# Bikes, trikes, automobiles and accidents



## jdg88 (6 Jan 2009)

I'm interested to know how bikes compare to trikes from a safety point of view. I've been reading with interest and alarm at the number of accidents reported in the Commuting thread and got to wonder if we're all a teensy weensy bit mad to cycle at all!

I've got a recumbent trike and bought it specifically because I believe I'm less likely to have an accident, so here's a very unscientific poll to see what's the truth!


----------



## ufkacbln (6 Jan 2009)

Most of my accidents have been slips and slides on two wheels.
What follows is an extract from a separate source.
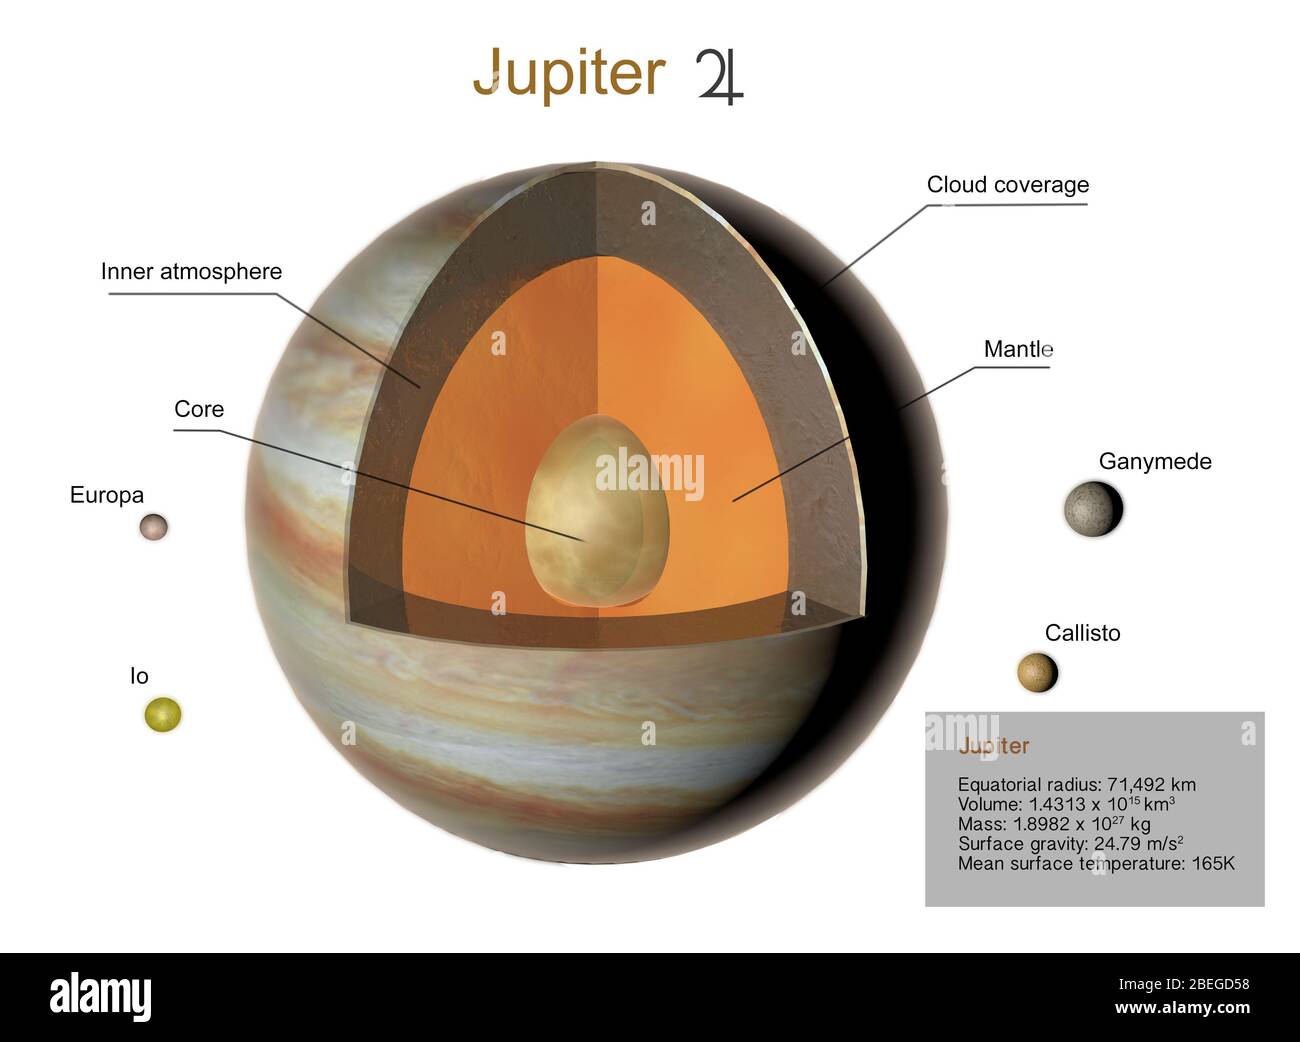 Illustration of the planet Jupiter, with a cutaway view of the gas giant's interior. Also shown are the Galilean moons of Jupiter: Io, Europa, Ganymede, and Callisto. Stock Photo

The CAtrike is much safer!


----------



## tyred (7 Jan 2009)

I've never ridden a trike but can only recall 3 times where I have come of a bike and only one of those was in my adult life (I went down the road on my side after being caught out by black ice before Christmas, no injuries). I suppose I'm less likely to get knocked off my bike than some as I live in the country and cycle mostly on quiet roads.


----------



## Blonde (7 Jan 2009)

Depends what you mean by accidents really - I have only got upright two wheelers and I have had loads of "offs", but tend not to count them since most have been caused by my own stupidity (ice-skating, wet drain covers, wet level crossings..) and/or lack of bike handling skills (descents..) and not by someone else! I was however hit by car in June last year, side on, at right angles. The car drove straight into my rear wheel when pulling out of a side street, over a Give Way line (with Give Way sign). Amblulence was called and I was taken to casualty. Nothing was broken, but soft tissue injuries and scarring were caused. Bike damage: front wheel out of true, paintwork, saddle and brake levers scratched, bar tape torn, and rear wheel totally written off.


----------



## jdg88 (9 Jan 2009)

There's a flaw in this poll (and I posted it!!) it's not possible to distinguish the vehicles, so we can't tell which has had what kinds of accidents. Anyone think it should be re-done say one for diamond frames, one for recumbents and one for recumbent trikes? Interest in this one hasn't been as much as I had hoped, perhaps it's a little to do with the fundamental flaw, perhaps it's too much like tempting fate!!


----------